TASK PROMPT »
Give the lines of the material verbatim, from the first line to the line with "2024 Toyota Vellfire", including both.

RECORDS FOR PROCESSING »
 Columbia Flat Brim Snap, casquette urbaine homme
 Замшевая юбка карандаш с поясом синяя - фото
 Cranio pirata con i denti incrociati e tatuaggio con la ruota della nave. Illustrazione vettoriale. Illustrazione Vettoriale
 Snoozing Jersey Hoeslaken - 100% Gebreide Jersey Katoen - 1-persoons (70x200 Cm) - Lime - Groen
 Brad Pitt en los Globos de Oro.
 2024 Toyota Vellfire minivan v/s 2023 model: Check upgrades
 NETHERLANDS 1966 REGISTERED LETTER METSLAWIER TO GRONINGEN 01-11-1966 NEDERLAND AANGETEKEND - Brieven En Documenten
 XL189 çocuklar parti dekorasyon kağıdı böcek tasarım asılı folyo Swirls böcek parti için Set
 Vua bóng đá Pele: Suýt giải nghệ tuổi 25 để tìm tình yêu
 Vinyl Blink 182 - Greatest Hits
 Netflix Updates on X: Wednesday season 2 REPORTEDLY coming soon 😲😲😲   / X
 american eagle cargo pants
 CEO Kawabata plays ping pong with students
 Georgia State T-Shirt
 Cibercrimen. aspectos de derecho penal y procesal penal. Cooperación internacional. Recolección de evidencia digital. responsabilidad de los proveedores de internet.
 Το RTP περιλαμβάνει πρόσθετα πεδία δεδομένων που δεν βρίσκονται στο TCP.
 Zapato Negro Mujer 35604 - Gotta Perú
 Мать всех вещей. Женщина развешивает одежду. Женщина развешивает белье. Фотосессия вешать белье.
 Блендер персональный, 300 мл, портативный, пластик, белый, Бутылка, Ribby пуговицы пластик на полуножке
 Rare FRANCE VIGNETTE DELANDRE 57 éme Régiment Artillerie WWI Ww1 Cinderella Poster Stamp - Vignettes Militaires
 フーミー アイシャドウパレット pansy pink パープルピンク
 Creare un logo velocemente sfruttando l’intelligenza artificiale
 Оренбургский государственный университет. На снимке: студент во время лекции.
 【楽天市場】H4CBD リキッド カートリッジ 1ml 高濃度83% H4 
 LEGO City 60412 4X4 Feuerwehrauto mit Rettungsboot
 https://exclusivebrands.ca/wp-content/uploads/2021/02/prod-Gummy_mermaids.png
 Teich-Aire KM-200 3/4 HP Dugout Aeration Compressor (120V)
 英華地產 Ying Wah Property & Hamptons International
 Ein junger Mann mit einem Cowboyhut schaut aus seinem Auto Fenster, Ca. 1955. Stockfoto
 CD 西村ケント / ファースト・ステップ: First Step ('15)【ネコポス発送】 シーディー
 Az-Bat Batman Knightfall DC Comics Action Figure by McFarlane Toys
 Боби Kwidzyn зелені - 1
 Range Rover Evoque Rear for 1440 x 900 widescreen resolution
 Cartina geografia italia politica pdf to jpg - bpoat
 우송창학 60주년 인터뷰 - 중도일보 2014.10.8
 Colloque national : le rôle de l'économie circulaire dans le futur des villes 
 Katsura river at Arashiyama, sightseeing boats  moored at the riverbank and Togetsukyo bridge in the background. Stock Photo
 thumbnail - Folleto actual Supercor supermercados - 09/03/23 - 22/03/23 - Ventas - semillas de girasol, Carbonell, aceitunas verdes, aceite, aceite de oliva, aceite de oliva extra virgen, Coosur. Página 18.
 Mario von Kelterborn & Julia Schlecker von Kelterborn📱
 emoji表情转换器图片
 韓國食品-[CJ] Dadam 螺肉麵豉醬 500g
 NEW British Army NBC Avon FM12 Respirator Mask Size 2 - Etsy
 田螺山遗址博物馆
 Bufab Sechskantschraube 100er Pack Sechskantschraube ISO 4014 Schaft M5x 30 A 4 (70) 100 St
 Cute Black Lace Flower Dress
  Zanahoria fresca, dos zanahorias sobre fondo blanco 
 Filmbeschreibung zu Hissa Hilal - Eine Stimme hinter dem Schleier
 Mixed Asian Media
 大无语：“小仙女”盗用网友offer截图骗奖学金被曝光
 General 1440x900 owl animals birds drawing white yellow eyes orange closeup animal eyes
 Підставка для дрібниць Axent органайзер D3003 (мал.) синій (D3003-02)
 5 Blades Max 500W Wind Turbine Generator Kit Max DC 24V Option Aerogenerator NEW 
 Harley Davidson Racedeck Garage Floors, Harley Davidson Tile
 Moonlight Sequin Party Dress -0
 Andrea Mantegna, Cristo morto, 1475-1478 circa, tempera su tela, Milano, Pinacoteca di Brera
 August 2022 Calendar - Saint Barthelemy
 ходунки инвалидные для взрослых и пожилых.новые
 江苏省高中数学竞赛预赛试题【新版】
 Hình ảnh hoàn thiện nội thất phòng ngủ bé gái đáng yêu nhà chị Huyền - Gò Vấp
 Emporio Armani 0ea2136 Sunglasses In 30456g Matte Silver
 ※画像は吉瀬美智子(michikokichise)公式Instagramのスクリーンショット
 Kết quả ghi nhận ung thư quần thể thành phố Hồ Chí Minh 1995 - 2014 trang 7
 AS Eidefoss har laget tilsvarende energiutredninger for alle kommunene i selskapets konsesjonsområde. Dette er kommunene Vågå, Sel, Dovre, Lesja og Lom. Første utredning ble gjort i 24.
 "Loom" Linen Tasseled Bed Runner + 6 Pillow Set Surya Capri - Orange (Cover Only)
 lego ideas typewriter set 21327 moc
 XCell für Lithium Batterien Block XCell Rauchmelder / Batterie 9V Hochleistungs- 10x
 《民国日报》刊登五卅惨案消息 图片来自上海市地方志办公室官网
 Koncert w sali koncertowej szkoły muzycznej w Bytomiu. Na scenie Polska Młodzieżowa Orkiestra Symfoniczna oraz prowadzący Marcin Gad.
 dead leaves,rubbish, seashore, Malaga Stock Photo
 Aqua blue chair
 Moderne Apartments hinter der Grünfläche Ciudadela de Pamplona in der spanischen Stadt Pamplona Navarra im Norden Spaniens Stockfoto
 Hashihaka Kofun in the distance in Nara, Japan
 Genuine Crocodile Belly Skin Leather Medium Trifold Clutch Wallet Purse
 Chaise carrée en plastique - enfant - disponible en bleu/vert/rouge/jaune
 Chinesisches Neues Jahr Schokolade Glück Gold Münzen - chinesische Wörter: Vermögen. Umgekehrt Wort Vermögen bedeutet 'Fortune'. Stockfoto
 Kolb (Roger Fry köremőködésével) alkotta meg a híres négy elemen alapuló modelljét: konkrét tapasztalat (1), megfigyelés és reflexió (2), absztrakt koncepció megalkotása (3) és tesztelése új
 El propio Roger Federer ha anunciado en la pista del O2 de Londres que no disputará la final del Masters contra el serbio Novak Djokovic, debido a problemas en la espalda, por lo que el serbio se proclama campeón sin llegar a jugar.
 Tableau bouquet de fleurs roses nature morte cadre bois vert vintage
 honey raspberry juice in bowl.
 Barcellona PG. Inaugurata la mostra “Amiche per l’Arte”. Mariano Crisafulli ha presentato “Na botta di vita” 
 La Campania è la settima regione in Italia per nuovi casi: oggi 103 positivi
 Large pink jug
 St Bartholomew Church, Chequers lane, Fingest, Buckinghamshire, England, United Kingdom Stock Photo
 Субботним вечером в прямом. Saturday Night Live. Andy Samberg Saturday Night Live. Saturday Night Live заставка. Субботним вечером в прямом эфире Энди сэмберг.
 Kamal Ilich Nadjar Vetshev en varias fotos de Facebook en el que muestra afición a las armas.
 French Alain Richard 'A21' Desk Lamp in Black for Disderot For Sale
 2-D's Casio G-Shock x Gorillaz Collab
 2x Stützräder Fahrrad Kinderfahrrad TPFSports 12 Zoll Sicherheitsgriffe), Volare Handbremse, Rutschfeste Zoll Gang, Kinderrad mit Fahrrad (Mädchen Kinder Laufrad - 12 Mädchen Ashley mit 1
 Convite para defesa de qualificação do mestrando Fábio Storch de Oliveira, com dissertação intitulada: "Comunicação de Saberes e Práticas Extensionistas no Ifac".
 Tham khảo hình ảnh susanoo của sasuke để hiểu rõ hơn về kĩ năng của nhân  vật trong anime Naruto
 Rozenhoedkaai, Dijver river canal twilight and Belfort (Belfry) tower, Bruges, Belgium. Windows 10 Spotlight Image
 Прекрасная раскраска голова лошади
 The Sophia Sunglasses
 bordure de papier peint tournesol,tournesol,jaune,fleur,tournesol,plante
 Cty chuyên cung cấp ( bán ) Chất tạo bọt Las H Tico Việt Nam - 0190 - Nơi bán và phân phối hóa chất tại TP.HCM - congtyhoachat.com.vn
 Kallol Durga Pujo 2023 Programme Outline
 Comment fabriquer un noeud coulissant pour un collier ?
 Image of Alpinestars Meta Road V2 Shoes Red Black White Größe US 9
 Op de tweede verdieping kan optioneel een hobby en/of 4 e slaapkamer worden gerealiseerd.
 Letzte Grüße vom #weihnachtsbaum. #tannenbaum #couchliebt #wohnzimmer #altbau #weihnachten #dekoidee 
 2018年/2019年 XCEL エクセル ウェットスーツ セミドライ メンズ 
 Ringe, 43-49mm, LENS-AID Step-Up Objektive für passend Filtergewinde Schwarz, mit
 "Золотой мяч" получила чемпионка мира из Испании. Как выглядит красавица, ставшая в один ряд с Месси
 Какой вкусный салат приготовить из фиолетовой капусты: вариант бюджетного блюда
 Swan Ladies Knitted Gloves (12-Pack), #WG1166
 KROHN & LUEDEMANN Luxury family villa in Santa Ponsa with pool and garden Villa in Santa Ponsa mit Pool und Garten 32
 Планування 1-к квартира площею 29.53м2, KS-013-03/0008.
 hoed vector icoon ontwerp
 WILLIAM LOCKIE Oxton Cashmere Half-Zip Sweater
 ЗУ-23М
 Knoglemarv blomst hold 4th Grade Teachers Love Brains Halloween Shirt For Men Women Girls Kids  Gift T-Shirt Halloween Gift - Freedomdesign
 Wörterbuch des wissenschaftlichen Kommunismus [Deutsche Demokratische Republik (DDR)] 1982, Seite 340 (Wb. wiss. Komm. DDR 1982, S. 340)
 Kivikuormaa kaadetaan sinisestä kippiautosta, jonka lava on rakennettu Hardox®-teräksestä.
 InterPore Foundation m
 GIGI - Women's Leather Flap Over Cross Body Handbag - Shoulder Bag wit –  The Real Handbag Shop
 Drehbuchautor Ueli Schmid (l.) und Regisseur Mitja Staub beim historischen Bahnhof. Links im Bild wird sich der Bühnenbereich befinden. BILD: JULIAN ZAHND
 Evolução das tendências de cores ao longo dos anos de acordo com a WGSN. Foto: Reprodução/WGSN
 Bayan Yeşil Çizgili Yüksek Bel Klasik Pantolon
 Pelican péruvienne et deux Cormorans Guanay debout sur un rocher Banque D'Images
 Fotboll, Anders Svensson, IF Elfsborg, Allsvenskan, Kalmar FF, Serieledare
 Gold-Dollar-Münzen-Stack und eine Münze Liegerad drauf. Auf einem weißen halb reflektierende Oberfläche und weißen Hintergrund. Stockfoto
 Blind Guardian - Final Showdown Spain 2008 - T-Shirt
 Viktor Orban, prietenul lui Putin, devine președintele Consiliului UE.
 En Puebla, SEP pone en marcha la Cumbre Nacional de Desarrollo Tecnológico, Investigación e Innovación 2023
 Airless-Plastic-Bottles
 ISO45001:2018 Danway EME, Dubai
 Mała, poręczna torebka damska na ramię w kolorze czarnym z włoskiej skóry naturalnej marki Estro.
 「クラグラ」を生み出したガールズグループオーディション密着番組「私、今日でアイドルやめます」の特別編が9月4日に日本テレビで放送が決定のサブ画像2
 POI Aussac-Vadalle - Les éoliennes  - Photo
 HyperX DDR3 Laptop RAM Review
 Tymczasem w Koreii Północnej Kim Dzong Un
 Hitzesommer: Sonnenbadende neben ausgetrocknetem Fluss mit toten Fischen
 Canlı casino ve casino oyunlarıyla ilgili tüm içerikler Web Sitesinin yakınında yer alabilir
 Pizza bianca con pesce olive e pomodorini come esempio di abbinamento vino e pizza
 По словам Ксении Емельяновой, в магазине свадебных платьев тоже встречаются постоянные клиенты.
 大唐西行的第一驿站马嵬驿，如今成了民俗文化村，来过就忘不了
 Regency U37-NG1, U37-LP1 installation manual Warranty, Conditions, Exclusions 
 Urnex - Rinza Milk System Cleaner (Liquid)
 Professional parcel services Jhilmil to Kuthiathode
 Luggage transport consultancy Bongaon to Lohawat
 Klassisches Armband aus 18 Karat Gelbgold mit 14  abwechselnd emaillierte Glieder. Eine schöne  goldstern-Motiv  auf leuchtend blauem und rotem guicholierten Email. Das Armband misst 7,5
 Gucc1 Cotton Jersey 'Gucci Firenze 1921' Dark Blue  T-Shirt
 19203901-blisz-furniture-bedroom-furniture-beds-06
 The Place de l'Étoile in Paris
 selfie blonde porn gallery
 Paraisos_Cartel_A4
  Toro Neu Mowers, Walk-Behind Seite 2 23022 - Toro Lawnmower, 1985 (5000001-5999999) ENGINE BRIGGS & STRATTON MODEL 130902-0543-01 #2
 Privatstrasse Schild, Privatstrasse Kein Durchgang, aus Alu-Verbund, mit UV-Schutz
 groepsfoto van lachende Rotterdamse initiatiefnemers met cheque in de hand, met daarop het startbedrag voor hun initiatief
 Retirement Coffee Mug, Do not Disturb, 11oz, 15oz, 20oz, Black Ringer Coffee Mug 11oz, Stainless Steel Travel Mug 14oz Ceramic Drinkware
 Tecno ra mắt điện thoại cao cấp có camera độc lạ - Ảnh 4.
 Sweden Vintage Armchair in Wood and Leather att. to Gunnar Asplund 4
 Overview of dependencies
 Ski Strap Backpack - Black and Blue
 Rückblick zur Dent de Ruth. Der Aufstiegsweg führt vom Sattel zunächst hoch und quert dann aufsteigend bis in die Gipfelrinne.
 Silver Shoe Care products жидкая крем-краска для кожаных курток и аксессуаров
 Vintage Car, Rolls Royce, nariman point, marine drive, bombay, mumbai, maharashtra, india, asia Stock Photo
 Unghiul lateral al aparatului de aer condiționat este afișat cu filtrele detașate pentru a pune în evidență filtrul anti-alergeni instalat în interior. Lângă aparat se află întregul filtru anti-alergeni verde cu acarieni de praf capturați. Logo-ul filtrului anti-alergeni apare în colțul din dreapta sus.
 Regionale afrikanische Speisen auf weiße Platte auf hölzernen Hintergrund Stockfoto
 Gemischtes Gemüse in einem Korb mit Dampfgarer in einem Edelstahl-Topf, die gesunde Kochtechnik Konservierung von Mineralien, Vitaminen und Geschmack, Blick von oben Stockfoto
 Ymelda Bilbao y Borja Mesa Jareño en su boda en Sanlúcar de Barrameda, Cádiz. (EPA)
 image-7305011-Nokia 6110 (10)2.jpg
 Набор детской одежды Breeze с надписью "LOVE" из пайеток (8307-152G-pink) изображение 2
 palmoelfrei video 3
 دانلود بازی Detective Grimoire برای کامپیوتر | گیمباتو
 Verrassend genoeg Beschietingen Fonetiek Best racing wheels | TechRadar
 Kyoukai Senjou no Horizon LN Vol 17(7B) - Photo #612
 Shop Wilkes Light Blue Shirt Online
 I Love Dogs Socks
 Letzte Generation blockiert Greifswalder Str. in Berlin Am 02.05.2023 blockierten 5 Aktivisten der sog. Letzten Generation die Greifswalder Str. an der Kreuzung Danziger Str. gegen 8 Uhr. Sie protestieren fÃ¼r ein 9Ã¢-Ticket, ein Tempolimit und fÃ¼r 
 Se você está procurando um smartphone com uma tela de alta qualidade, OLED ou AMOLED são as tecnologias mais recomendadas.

EXERCISE RESPONSE »
 Columbia Flat Brim Snap, casquette urbaine homme
 Замшевая юбка карандаш с поясом синяя - фото
 Cranio pirata con i denti incrociati e tatuaggio con la ruota della nave. Illustrazione vettoriale. Illustrazione Vettoriale
 Snoozing Jersey Hoeslaken - 100% Gebreide Jersey Katoen - 1-persoons (70x200 Cm) - Lime - Groen
 Brad Pitt en los Globos de Oro.
 2024 Toyota Vellfire minivan v/s 2023 model: Check upgrades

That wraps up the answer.